Mehr als 70 Mitglieder des Kongresses fordern Antworten, nachdem Berichte aufgetaucht sind, dass die Einwanderungs- und Zollbehörde (ICE) erneut damit begonnen hat, Standortdaten amerikanischer Bürger ohne richterlichen Beschluss zu kaufen. Diese Praxis war zuvor untersucht, als illegal eingestuft und 2023 eingestellt worden. Nun scheint sie wieder aufgenommen worden zu sein, und die Gesetzgeber wollen wissen, warum.

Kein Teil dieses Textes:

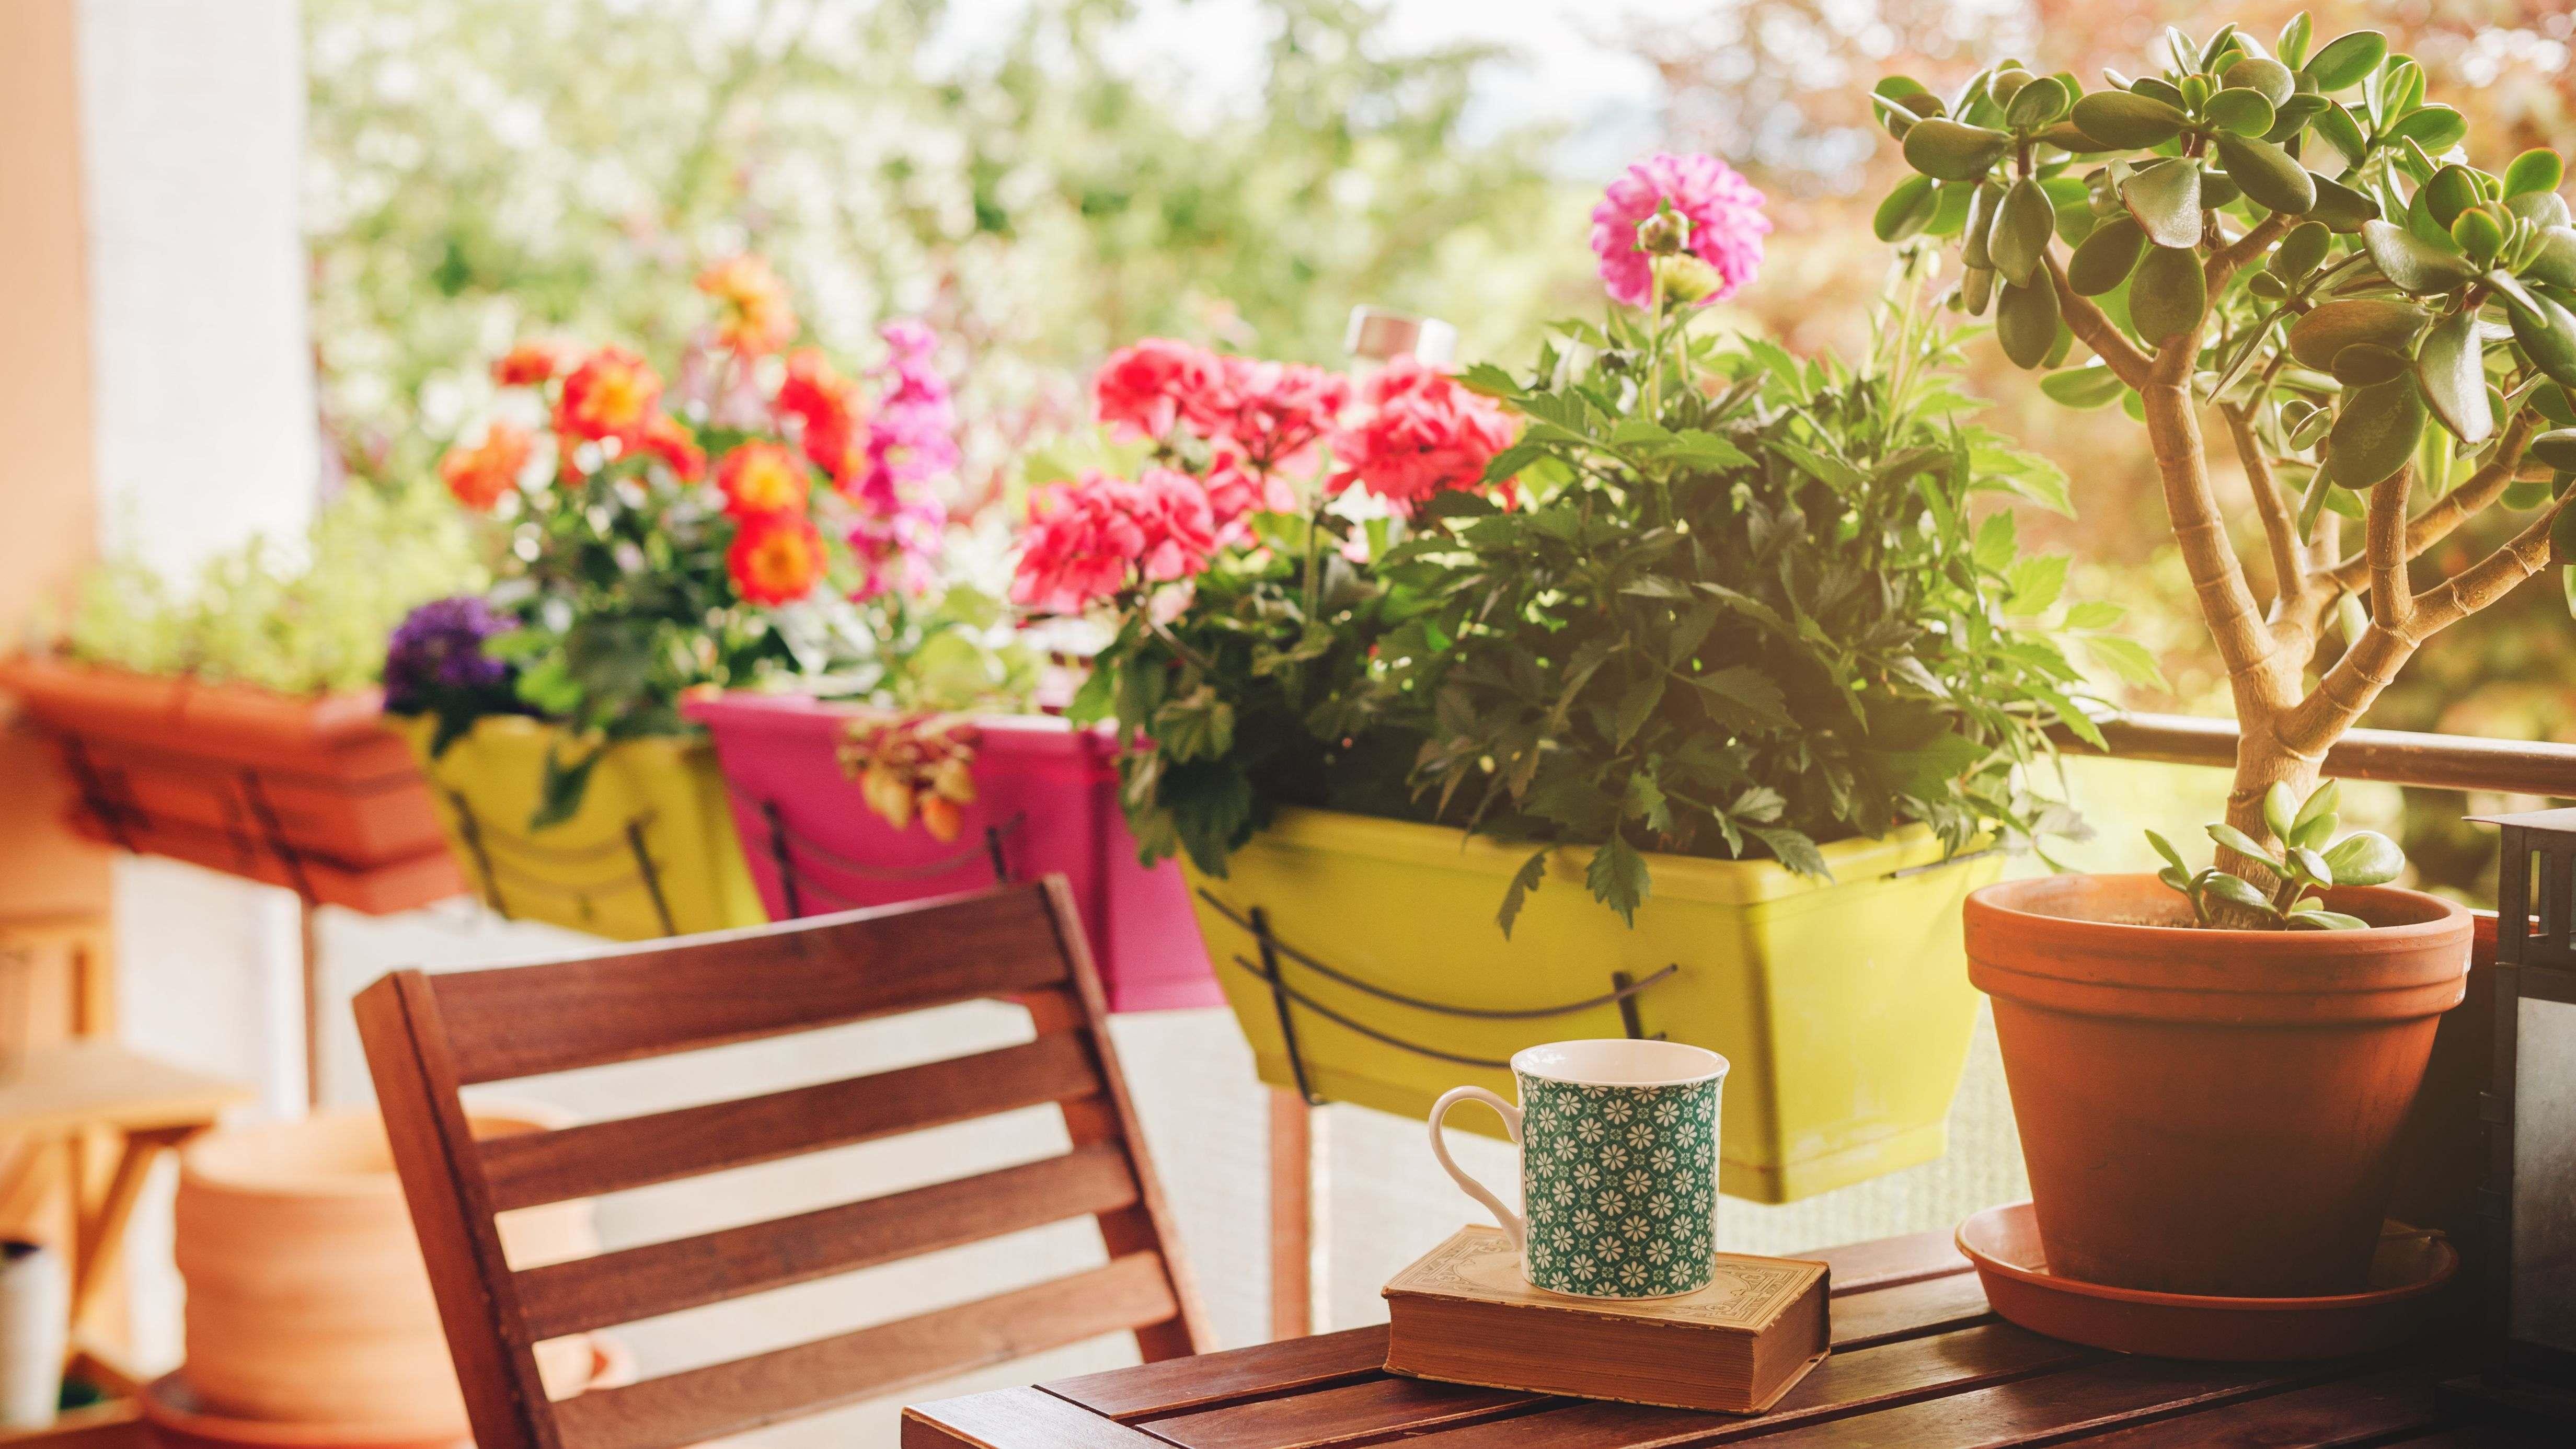 Plante vivace pour balcon et terrasse : comment choisir ?

Kongressabgeordnete Veronica Escobar schrieb gemeinsam mit über 70 demokratischen Kollegen einen Brief an DHS-Generalinspektor Joseph Cuffari, in dem sie eine formelle Untersuchung forderten. Im Mittelpunkt der Bedenken steht ein freihändiges Vergabeverfahren, das ICE im Jahr 2025 mit einem Überwachungsunternehmen für ein Standortverfolgungsprodukt abgeschlossen hat. Das bedeutet: kein Wettbewerbsverfahren, keine öffentliche Kontrolle und nach Ansicht der Gesetzgeber auch kein richterlicher Beschluss.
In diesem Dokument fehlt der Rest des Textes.